How to complete this task ::
Give the listing again in full and exactly, apart from its pictures.

Provided material ::
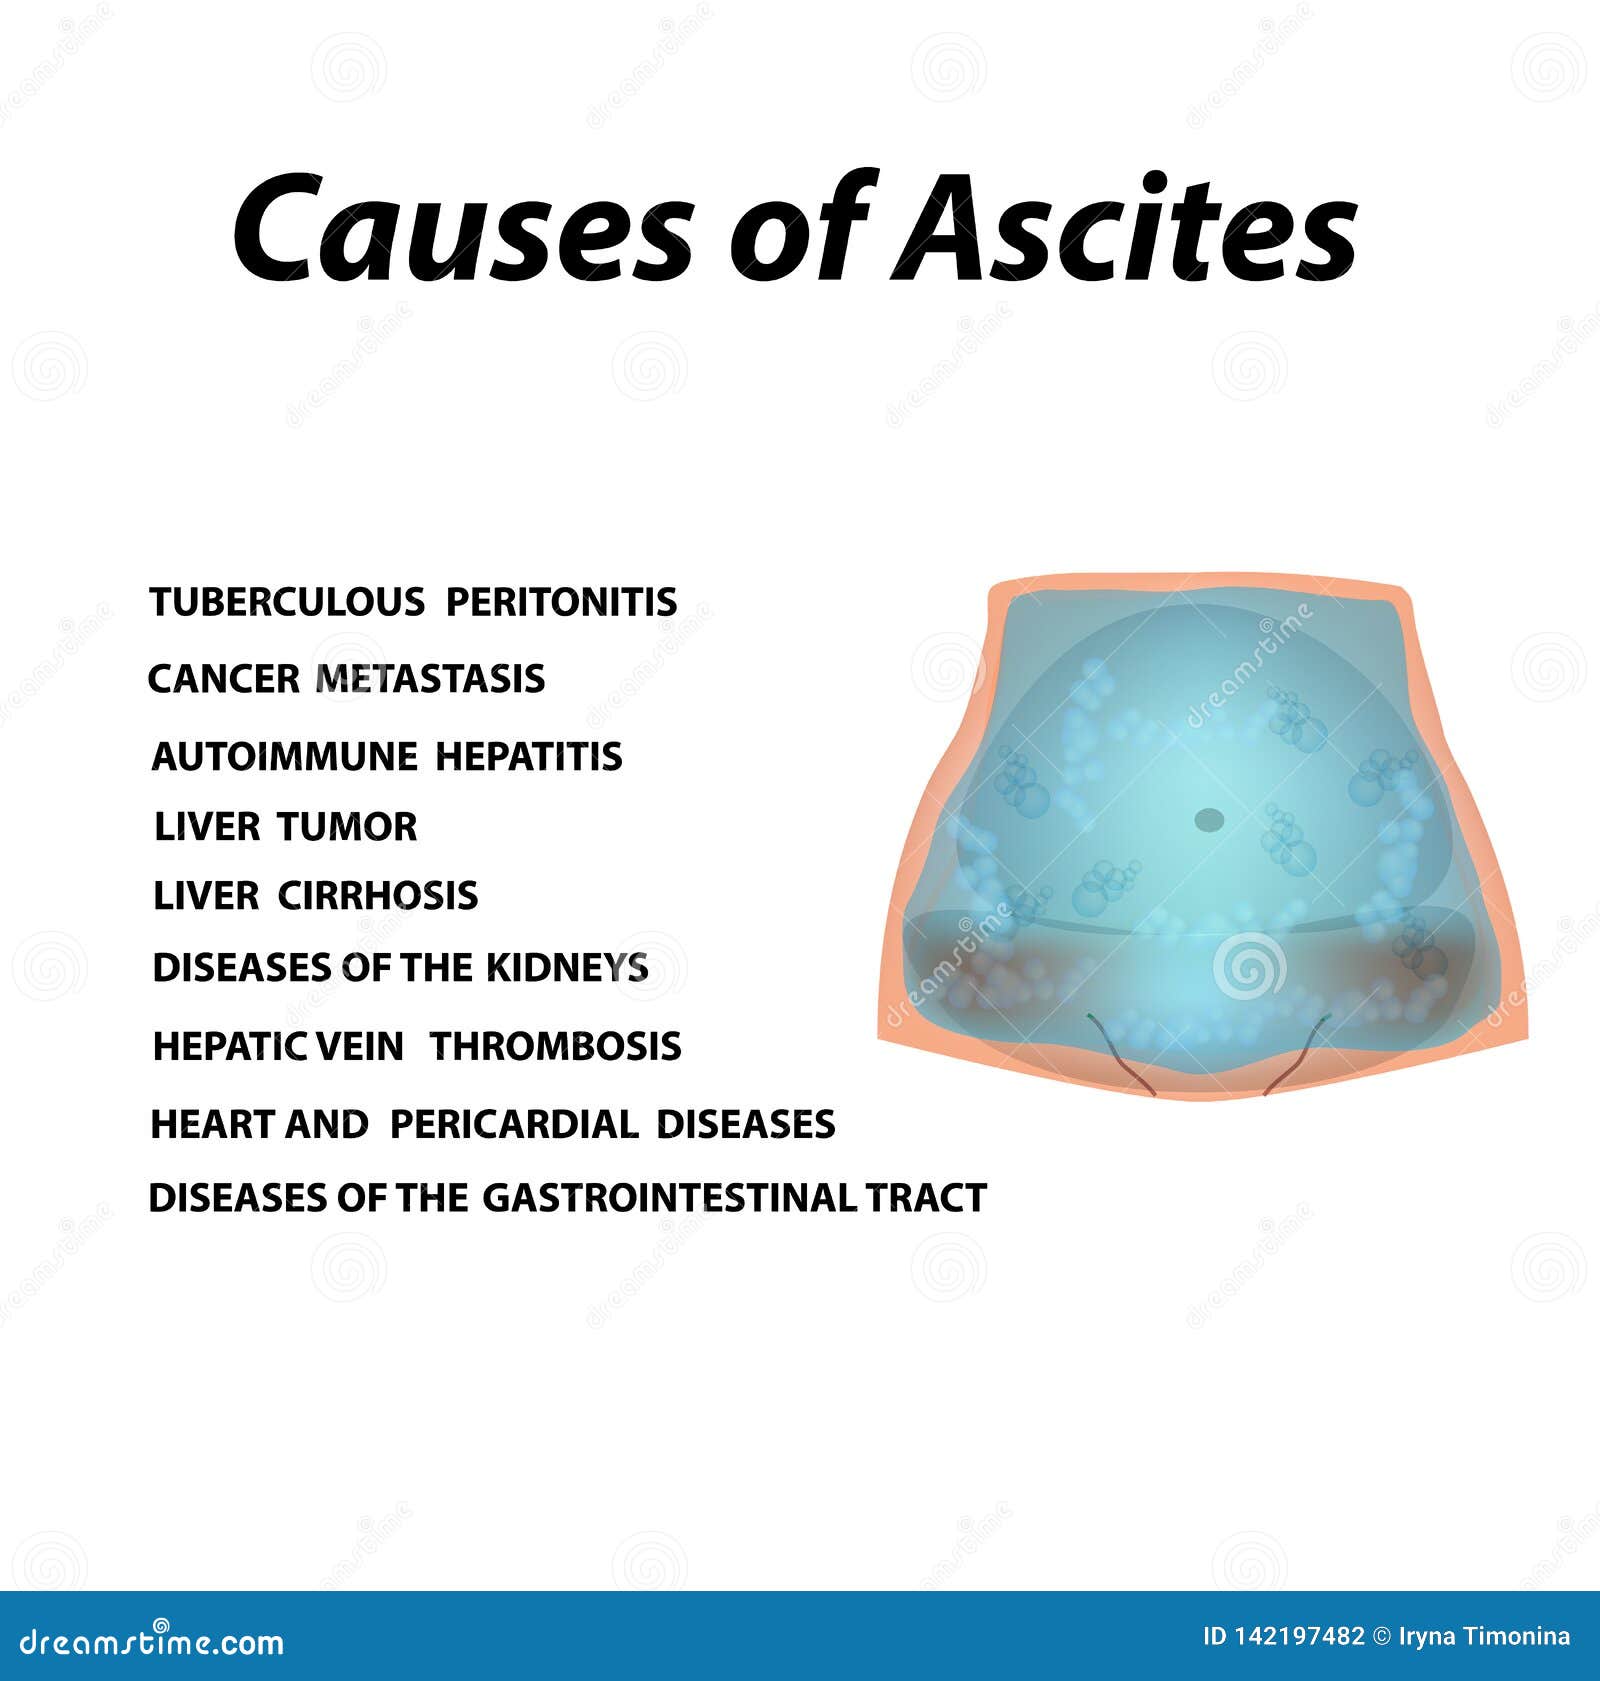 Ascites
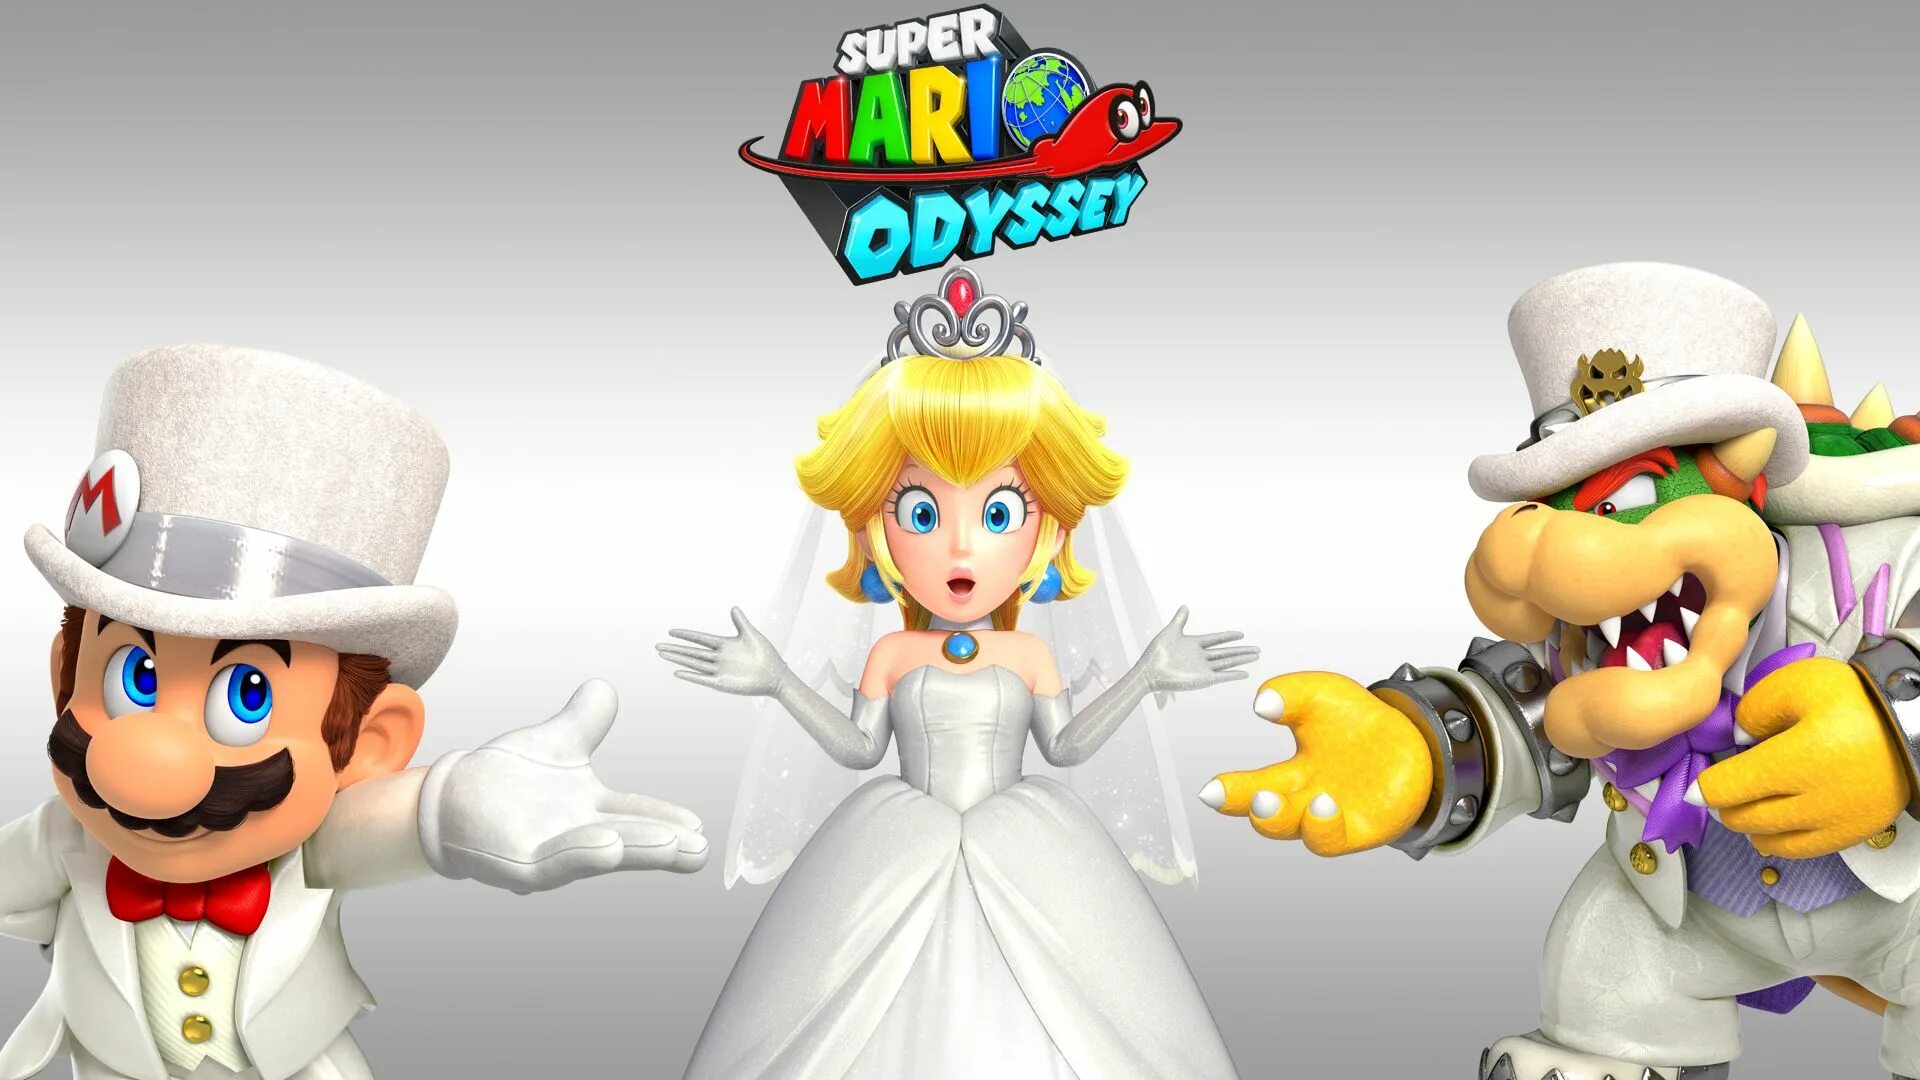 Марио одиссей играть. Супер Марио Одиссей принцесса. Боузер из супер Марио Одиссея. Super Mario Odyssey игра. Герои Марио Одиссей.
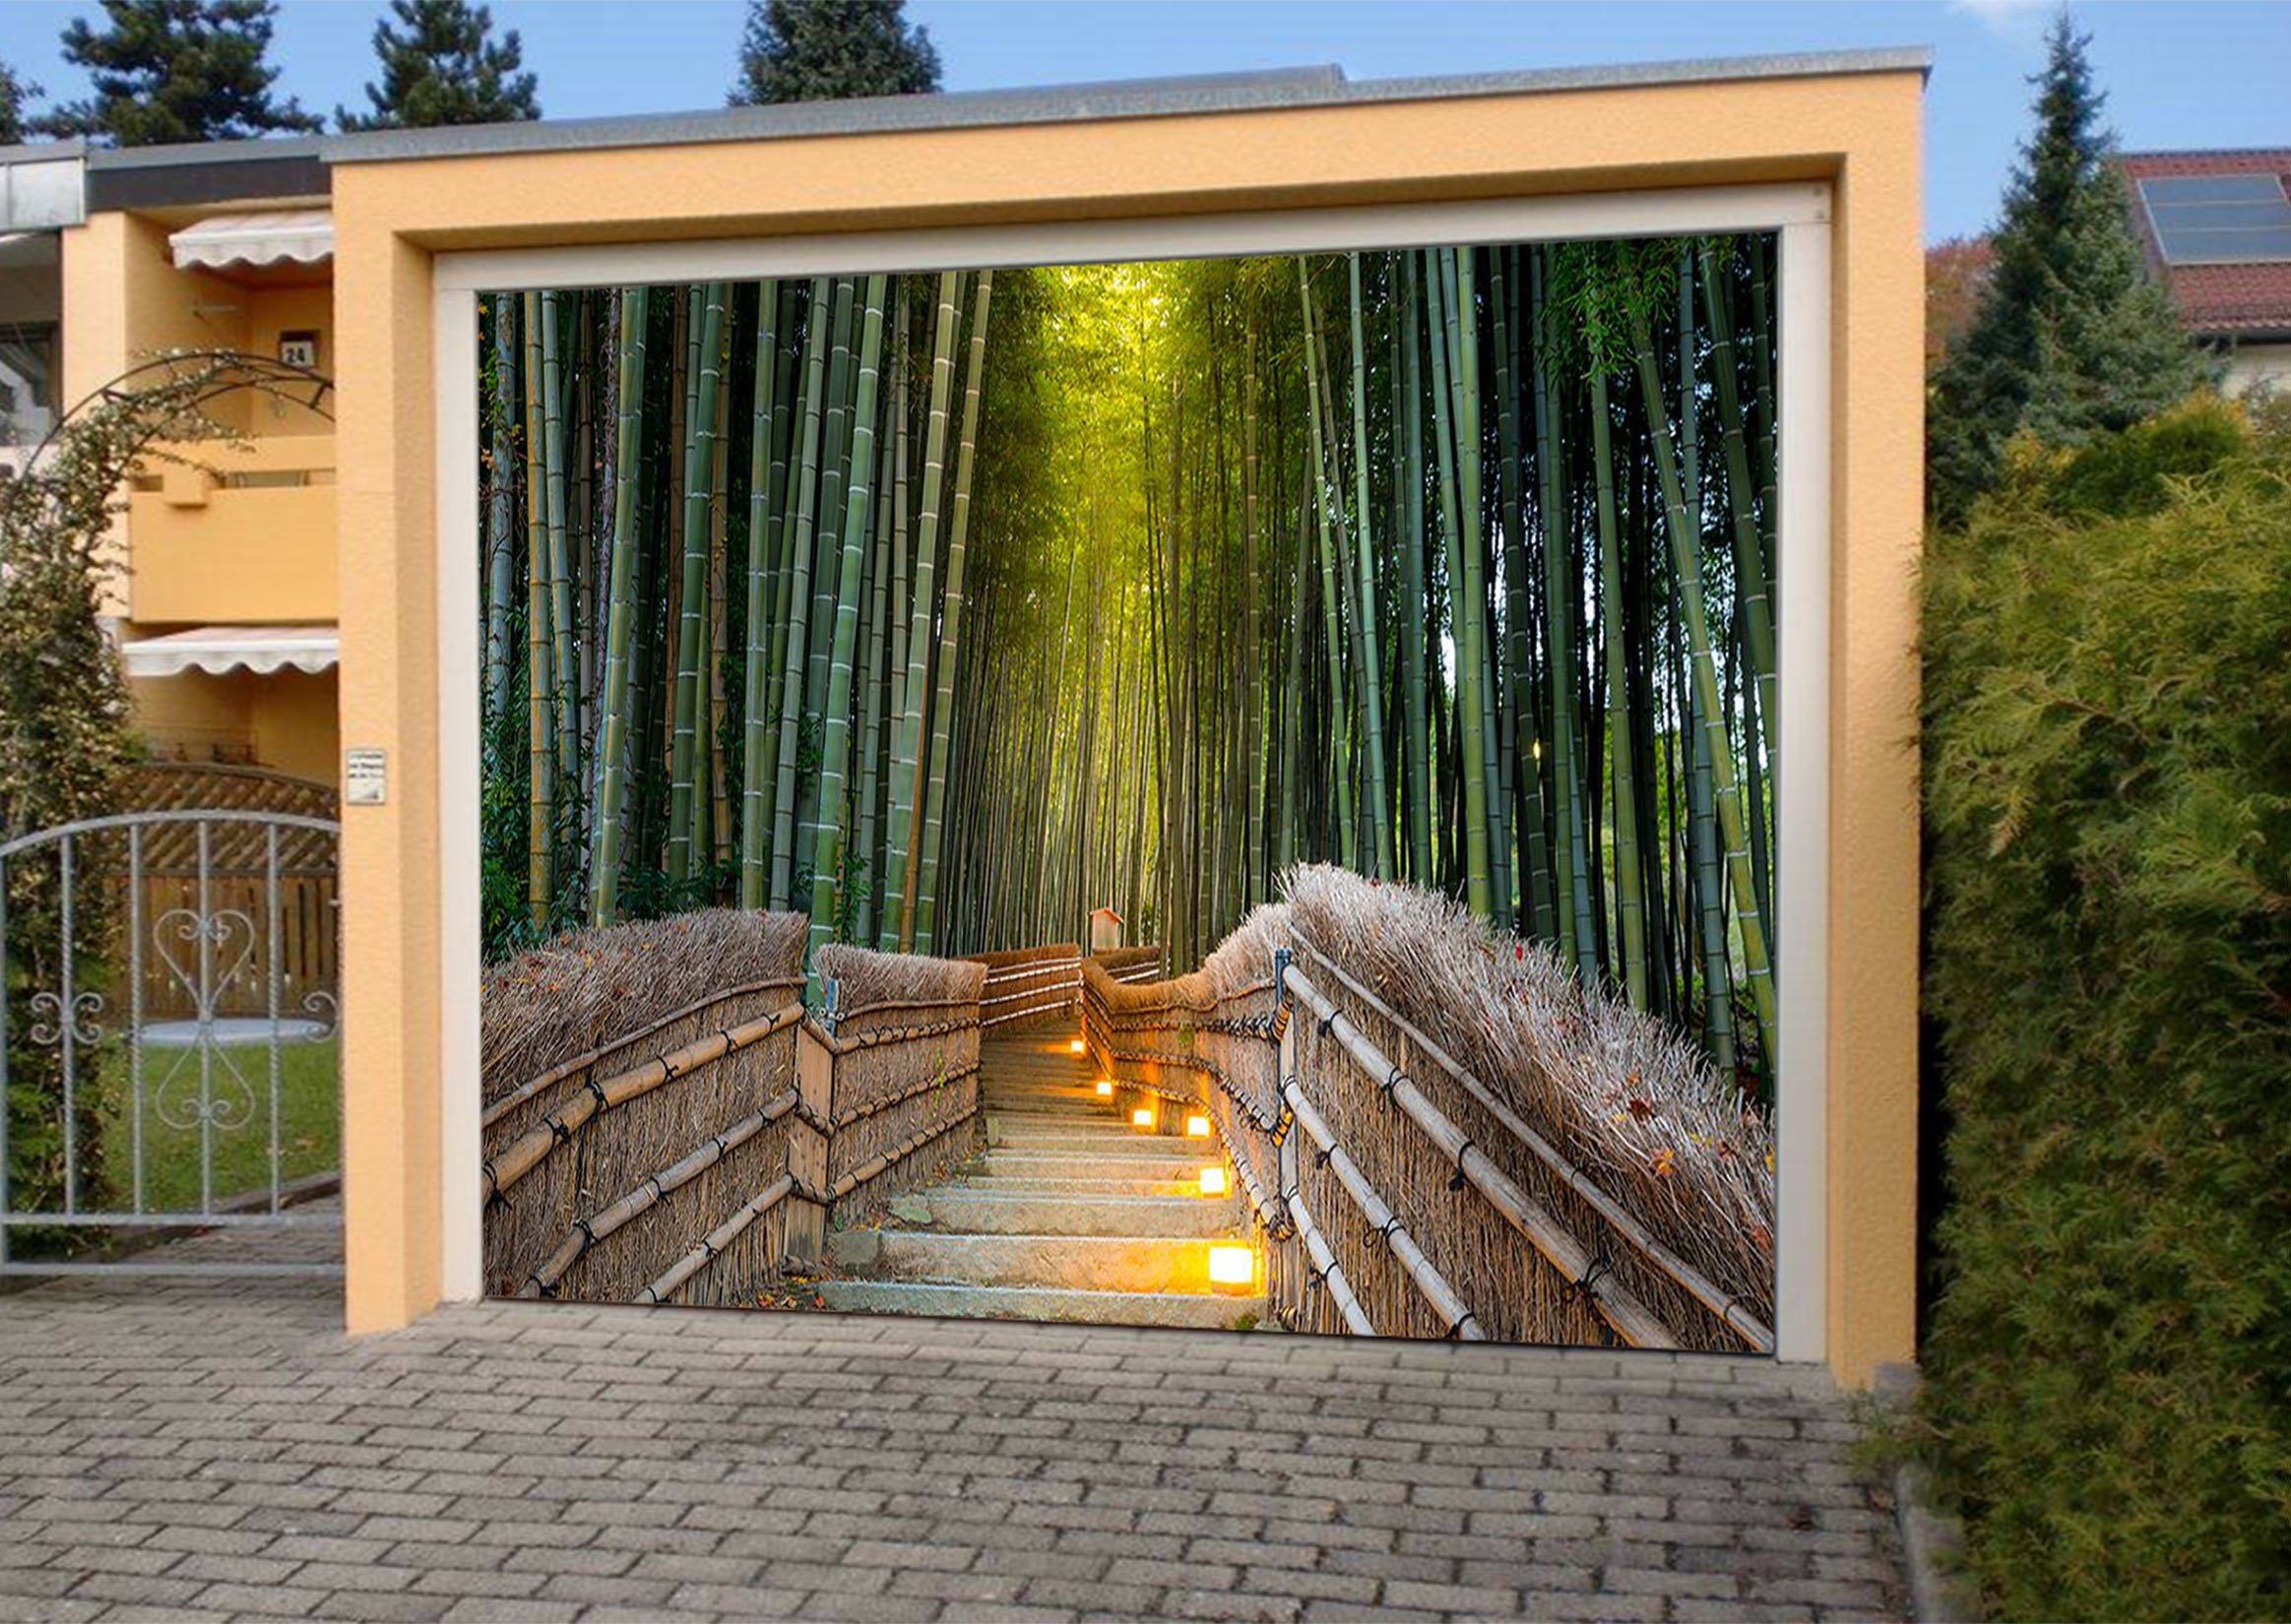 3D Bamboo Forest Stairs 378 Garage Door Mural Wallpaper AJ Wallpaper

Exercise response ::
 Ascites
 Марио одиссей играть. Супер Марио Одиссей принцесса. Боузер из супер Марио Одиссея. Super Mario Odyssey игра. Герои Марио Одиссей.
 3D Bamboo Forest Stairs 378 Garage Door Mural Wallpaper AJ Wallpaper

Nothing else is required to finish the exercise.